After asking on StackOverflow, I was redirected here, so I'm reposting this question.
I am a PhD student in Computational Physics and I've started to study a bit of Neural Networks, and decided to try and use some of what I've learned for a problem I'm having. After some studying, I've understood how to build a Neural Network for my purpose, but I can't find relevant info about how to build a good Neural Network apart from the good old trial and error. Here I attach the NN I'm currently working with as an example, but my question applies to the general case of a (regression) neural network: is there some theory on why I should build an architecture instead of another one, what activator I should choose, why I should lower my learning rate and how much, why should my dropout rate be higher and how much, how much training data is enough, and all these sorts of things?
My NN takes as input a 2x7 array of real values in [0,1] and gives as output a single real value, and it looks like this:
model_cnn = Sequential()
model_cnn.add(Conv2D(32, (2, 2), activation='relu', input_shape=(2, 7, 1), padding='same', kernel_regularizer=keras.regularizers.l2(0.01)))
model_cnn.add(BatchNormalization())
model_cnn.add(Conv2D(64, (2, 2), activation='relu', kernel_regularizer=keras.regularizers.l2(0.01)))

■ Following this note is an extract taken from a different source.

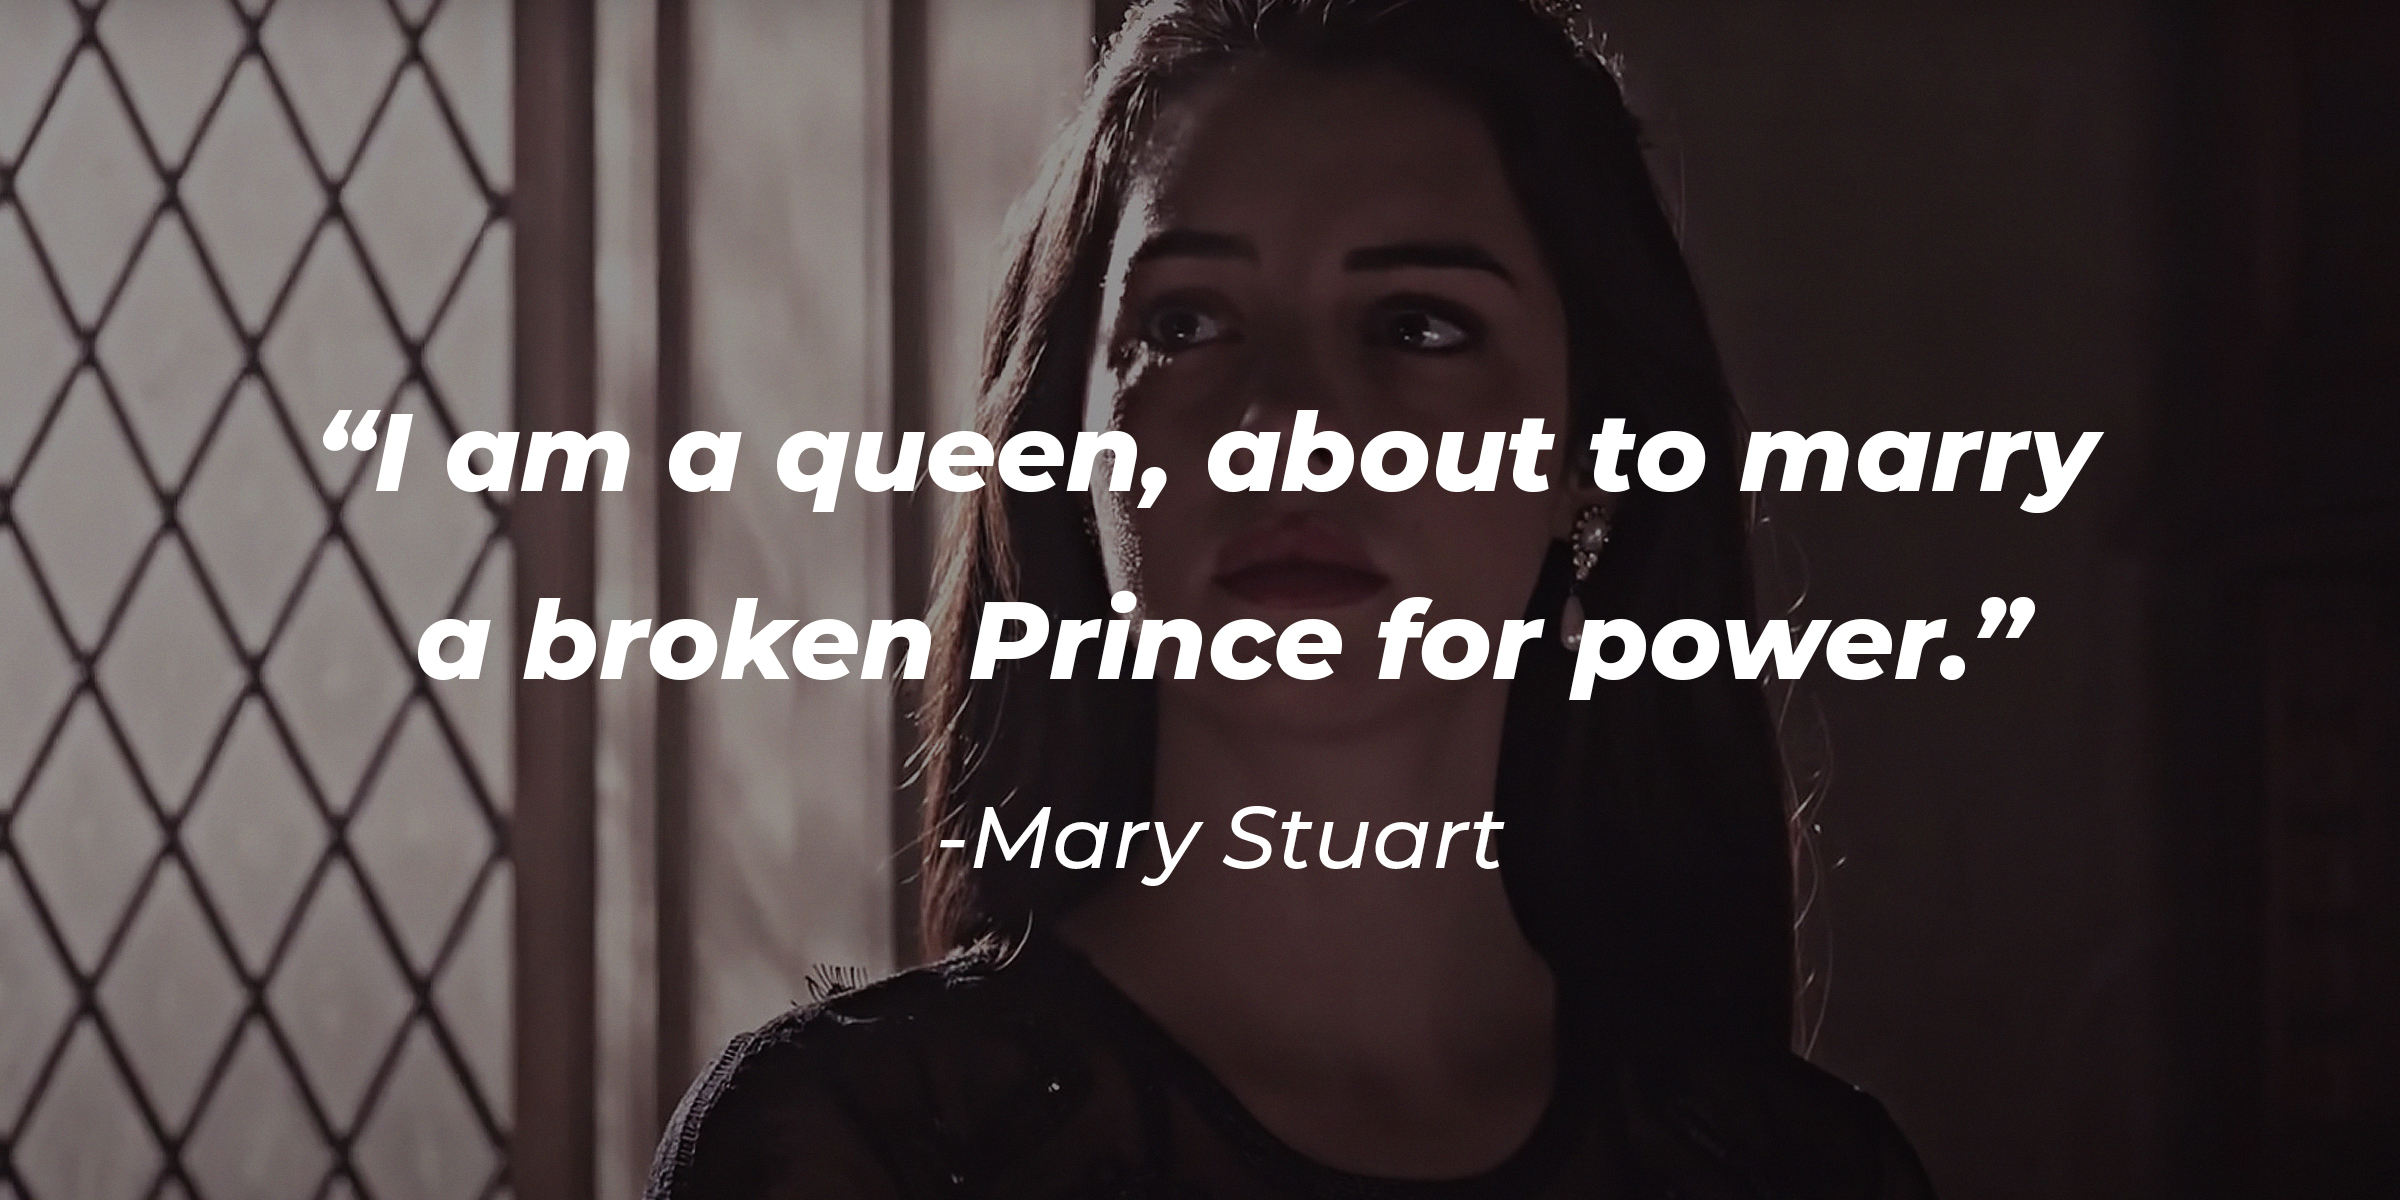 An image of Adelaide Kane as Mary Stuart in "Reign" with the quote: " “I am a queen, about to marry a broken Prince for power.” | Source: facebook.com/Reign

model_cnn.add(BatchNormalization())
model_cnn.add(Flatten())
model_cnn.add(Dropout(0.5))
model_cnn.add(Dense(128, activation='relu', kernel_regularizer=keras.regularizers.l2(0.01)))

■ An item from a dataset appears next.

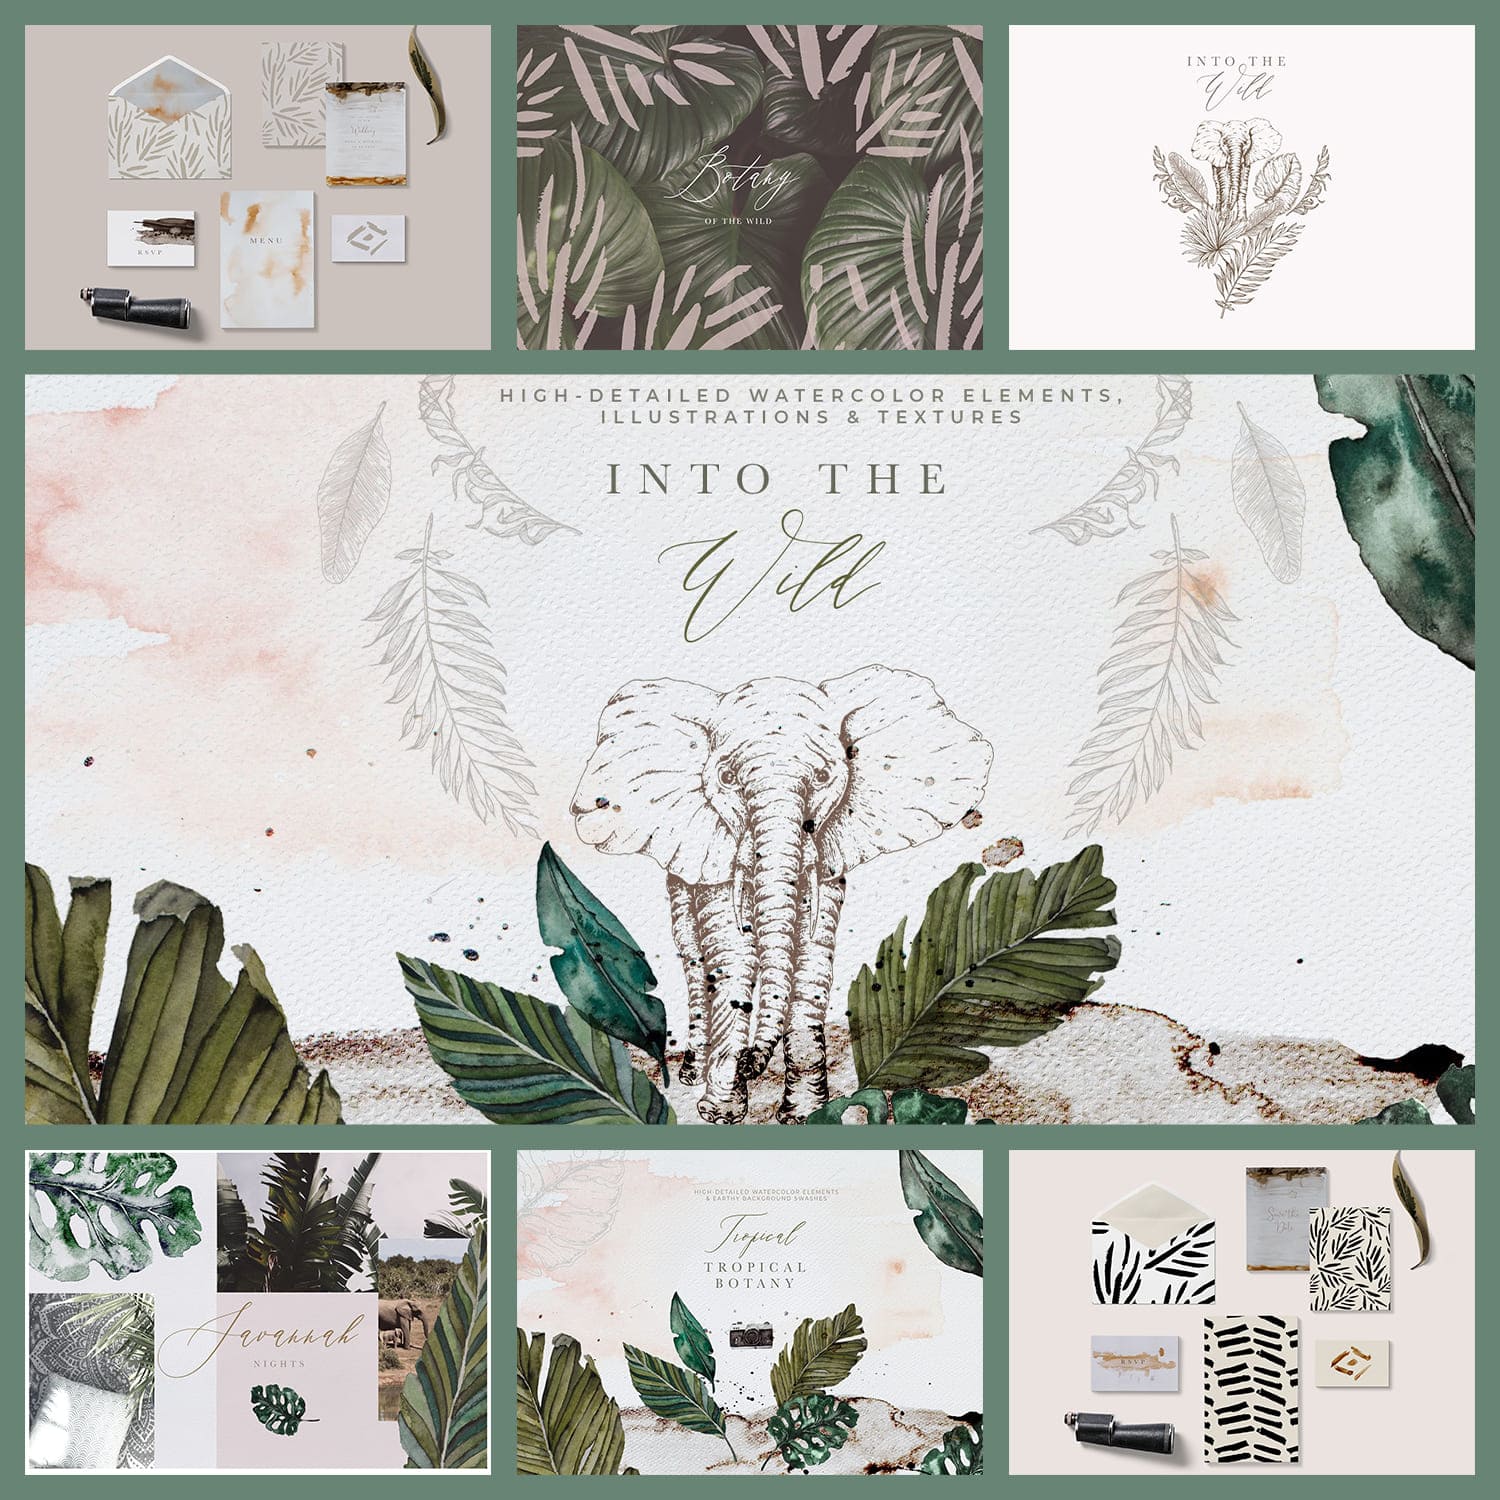 High-Detailed Watercolor Elements, Illustrations & Textures Into The Wild.

model_cnn.add(BatchNormalization())
model_cnn.add(Dropout(0.5))
model_cnn.add(Dense(64, activation='relu', kernel_regularizer=keras.regularizers.l2(0.01)))
model_cnn.add(BatchNormalization())
model_cnn.add(Dense(1, activation='linear')) #linear for regression
def lr_schedule(epoch):
lr = 1e-3
if epoch > 50:
lr *= 0.1
if epoch > 100:
lr *= 0.1
return lr
lr_scheduler = keras.callbacks.LearningRateScheduler(lr_schedule)

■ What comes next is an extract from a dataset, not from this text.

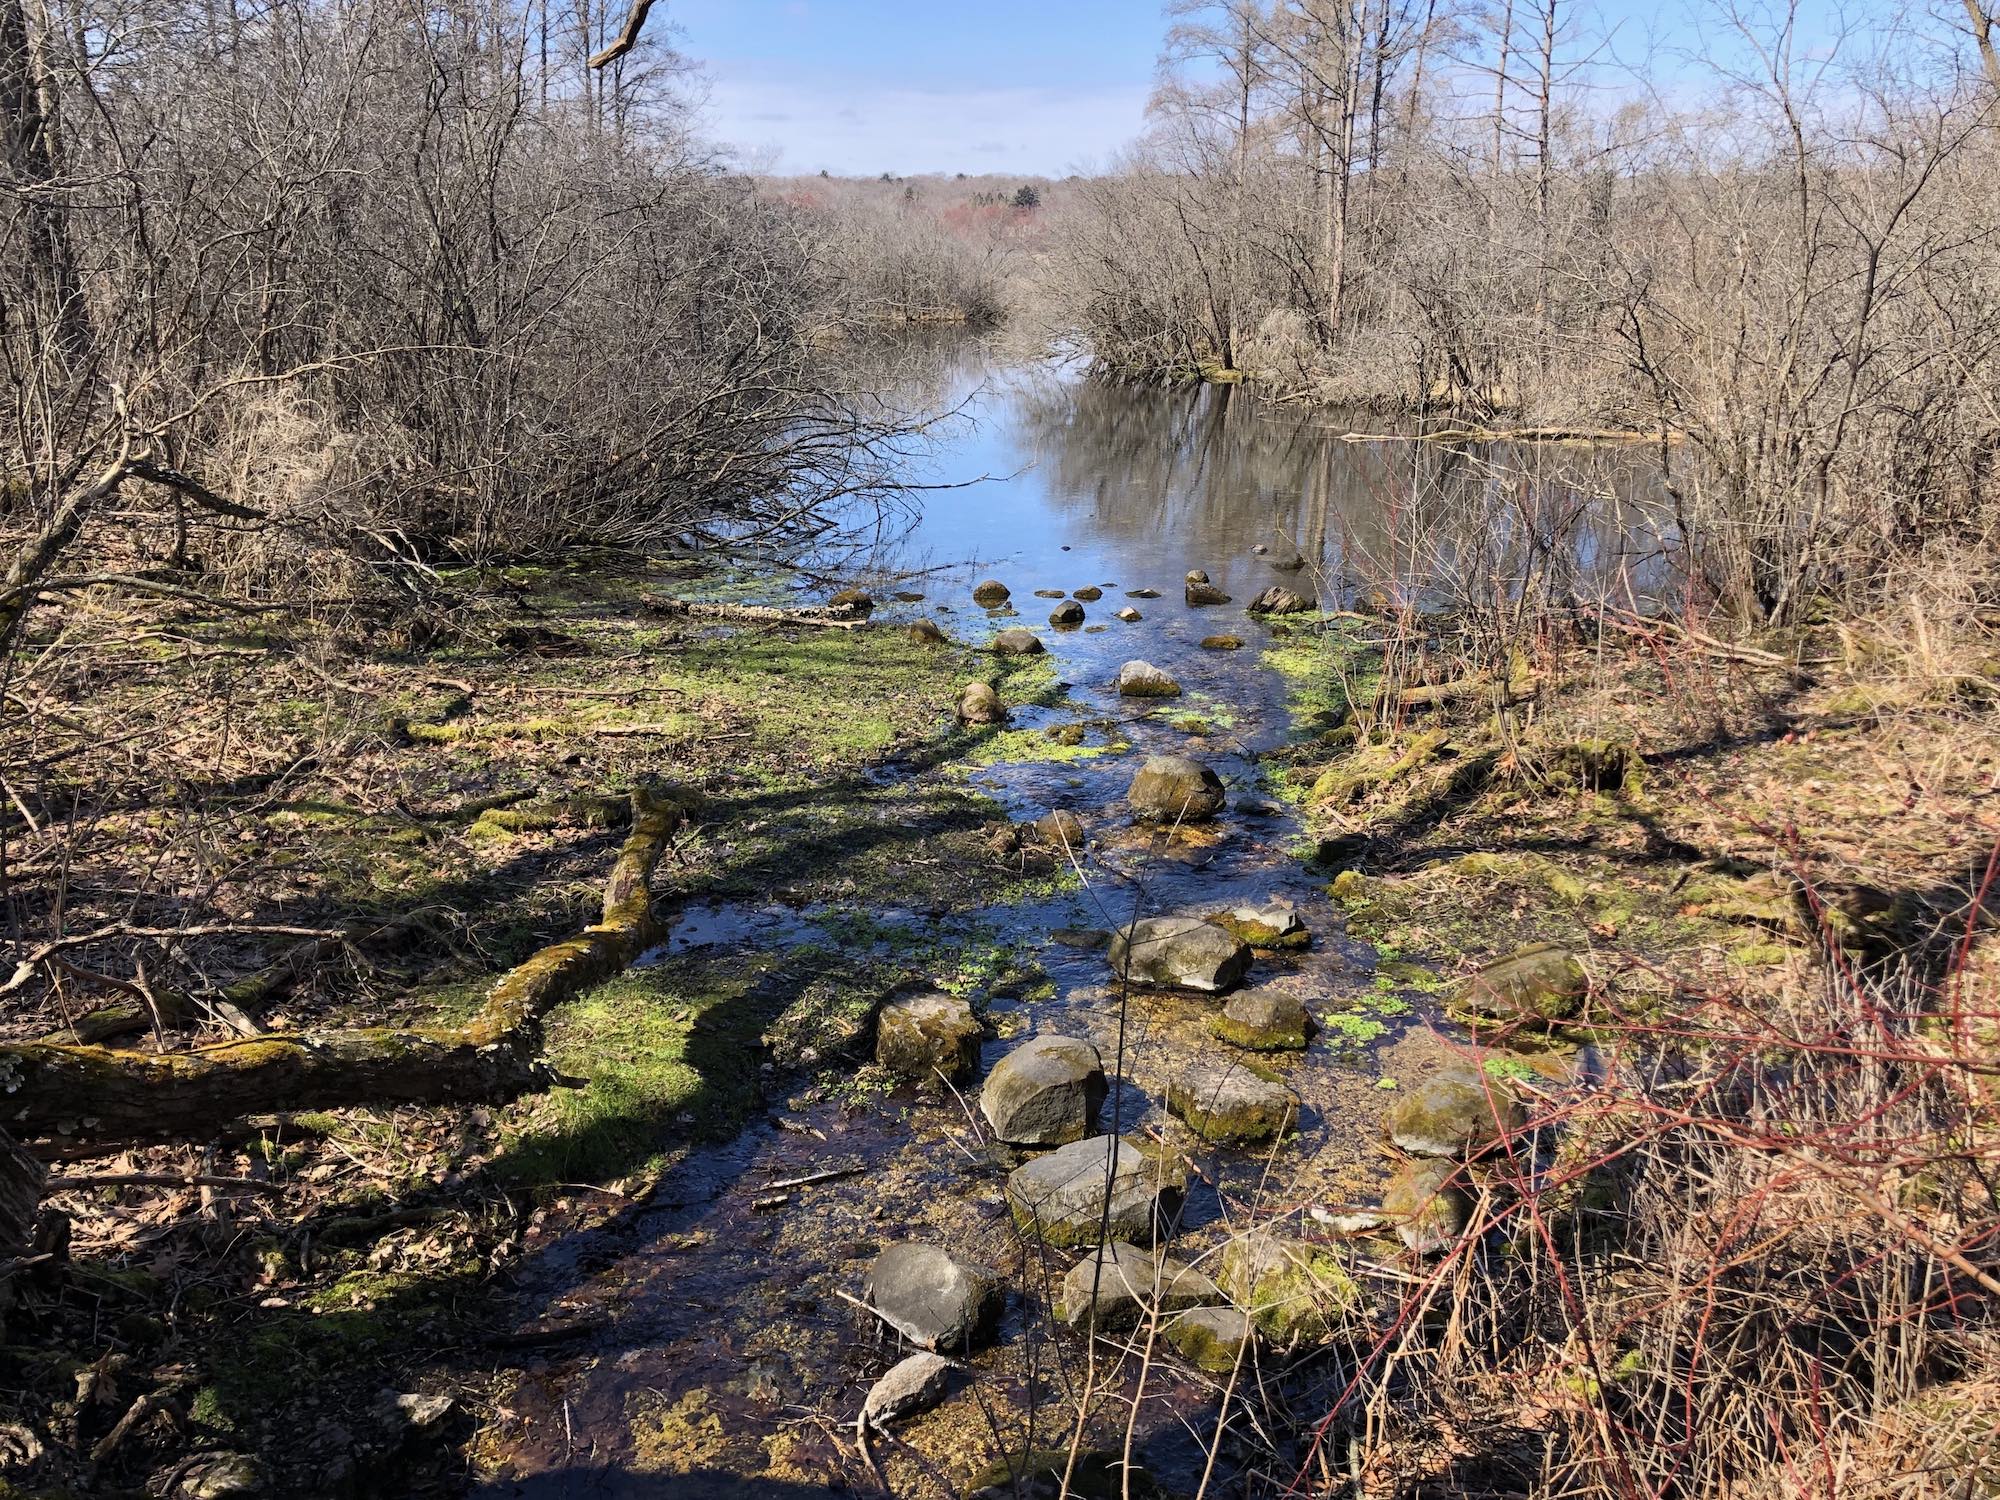 Big Spring flowing into Lake Wingra in the University of Wisconsin Arboretum on March 21, 2020.

early_stopping = keras.callbacks.EarlyStopping(monitor='val_loss',
patience=20,
restore_best_weights=True)
model_cnn.compile(loss='mean_squared_error',
optimizer=keras.optimizers.Adam(learning_rate=lr_schedule(0)),
metrics=['mean_absolute_error'])
nn_history = model_cnn.fit(X_train, y_train,
batch_size=64,
epochs=1000,
verbose=1,
validation_data=(X_val, y_val),
callbacks=[lr_scheduler, early_stopping])
This is the result of some adjustments, for example adding dropout and normalization, that I did just by feeling, without any actual knowledge of, for example, whether it is correct to put them in the above order. Again: I know I can just try to change it and see what happens, but I'm asking how (if there is a way!) to decide what are the plausible, if not the best, things to do.
As of now, the loss-vs-epoch looks like this:
Doesn't look too bad, but I would like the loss to converge to zero (or at least to a value closer to zero). How can I understand what things are "worth trying"?